Canadian environmentalist (born 1973)

Laure Waridel, (born January 10, 1973) is a social activist, a writer, an associate professor of environmental studies and sociology at the Université du Québec à Montréal, and a radio and TV commentator.

== Early years ==
Laure Waridel was born in Switzerland, in the village of Chesalles-sur-Oron just north of Lake Geneva in the Canton of Vaud. She has three sisters and a brother. When she was two, their new home was a dairy farm in Mont-Saint-Grégoire, Quebec, in the Montérégie region. It was not long before Laure became aware of the shift towards industrial farming methods and the vulnerability of farm producers. As a young girl, she worked at the Cadet Roussel organic farm in Mont-Saint-Grégoire, Quebec. She lives in Montreal and is the mother of two children, Colin and Alphée; Alphée was the subject of a 2012 documentary film, Alphée of the Stars (Alphée des étoiles), by her father and Waridel's then-spouse Hugo Latulippe. Waridel is now married to Bruce Johnston.

== Education ==
From 1990 to 1992, Waridel studied social sciences at the Cégep Lionel-Groulx. Subsequently, she earned a degree in sociology and international development from McGill University. She continued her university studies with a communications certificate from the Université du Québec à Montréal and a Master's degree in law and environmental studies from the University of Victoria in British Columbia. Waridel earned a doctorate degree at the Geneva-based Graduate Institute of International and Development Studies.

== Social activist ==
After the Earth Summit (1992) in Rio, Waridel became one of the founders of Équiterre, a non-profit organisation based in Montreal and dedicated to promoting ecological and socially responsible choices through action, education and research. It focuses on four issues: fair trade, ecological agriculture, energy efficiency, sustainable transportation, energy conservation, and ecological and socially just choices.

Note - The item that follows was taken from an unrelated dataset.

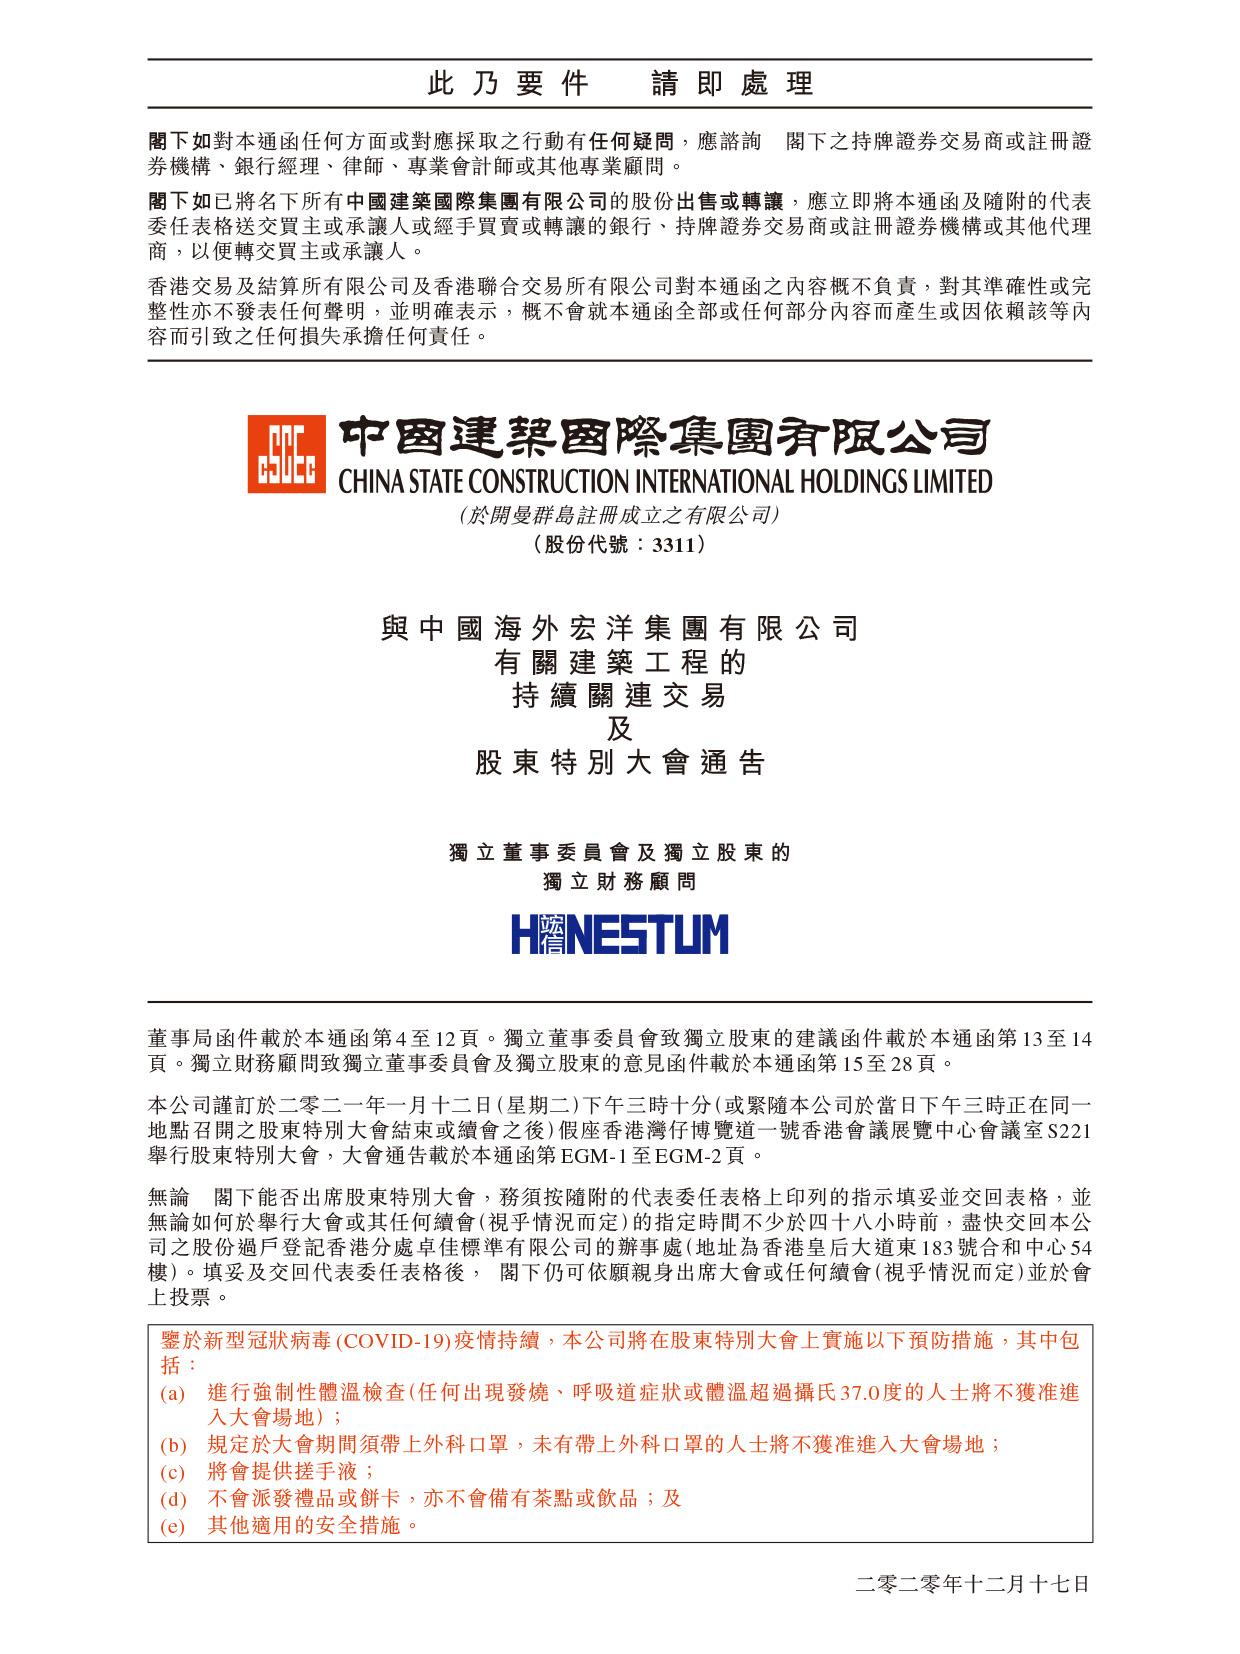 中國建築國際集團有限公司

Laure Waridel was the president of Équiterre. Her collaborators are quick to say that Waridel's considerable charm and communication skills were instrumental in getting Equiterre off the ground and in the success of the fair trade. Waridel is no longer an employee of Equiterre, but continues as its most public representative. She remains with the non-profit organization today as a consultant.

In 2002, she was named by Maclean's Magazine as one of 25 Canadian personalities who are making a difference.

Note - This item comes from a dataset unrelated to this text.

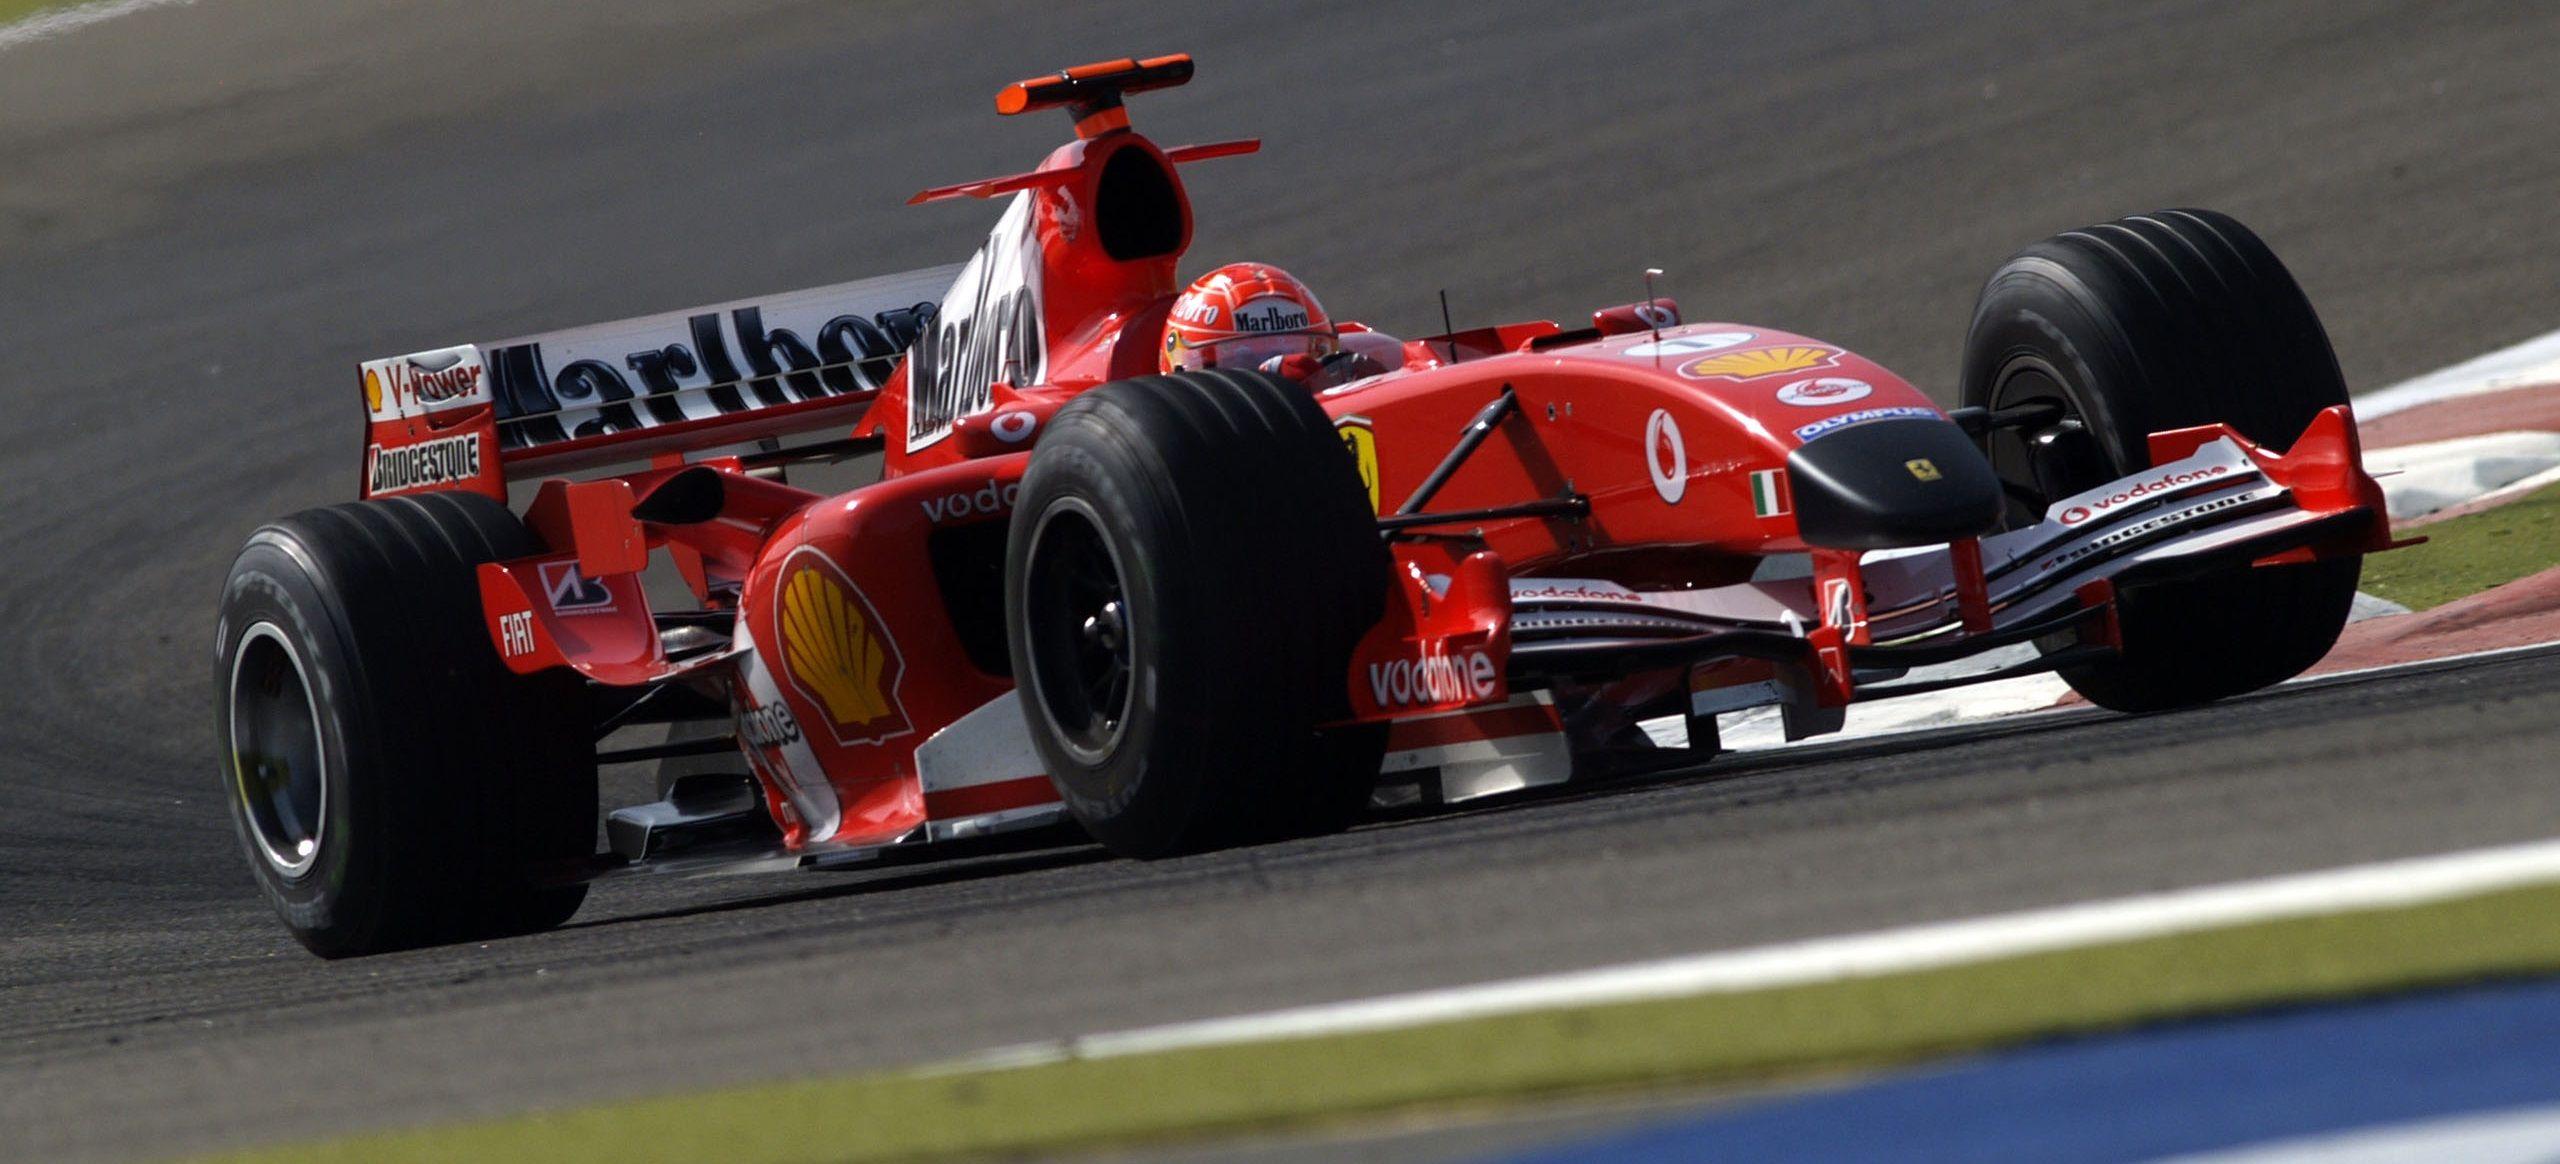 Michael Schumacher Ferrari F2005 GP Bahréin 2005

Waridel defended Gil Courtemanche's novel Un dimanche à la piscine à Kigali in the French version of Canada Reads, broadcast on Radio-Canada in 2004. This novel eventually won the competition.

In 2012, she was made a member of the Order of Canada "for her contributions as a writer, commentator and social activist on environmental issues, notably as co-founder of Équiterre". In 2016, she was made a Knight of the National Order of Quebec.

==Works==
- L'envers de l'assiette (1998, 2003)
- Une cause café (1997)
- Coffee with Pleasure (2001)
- Acheter c'est voter (2005)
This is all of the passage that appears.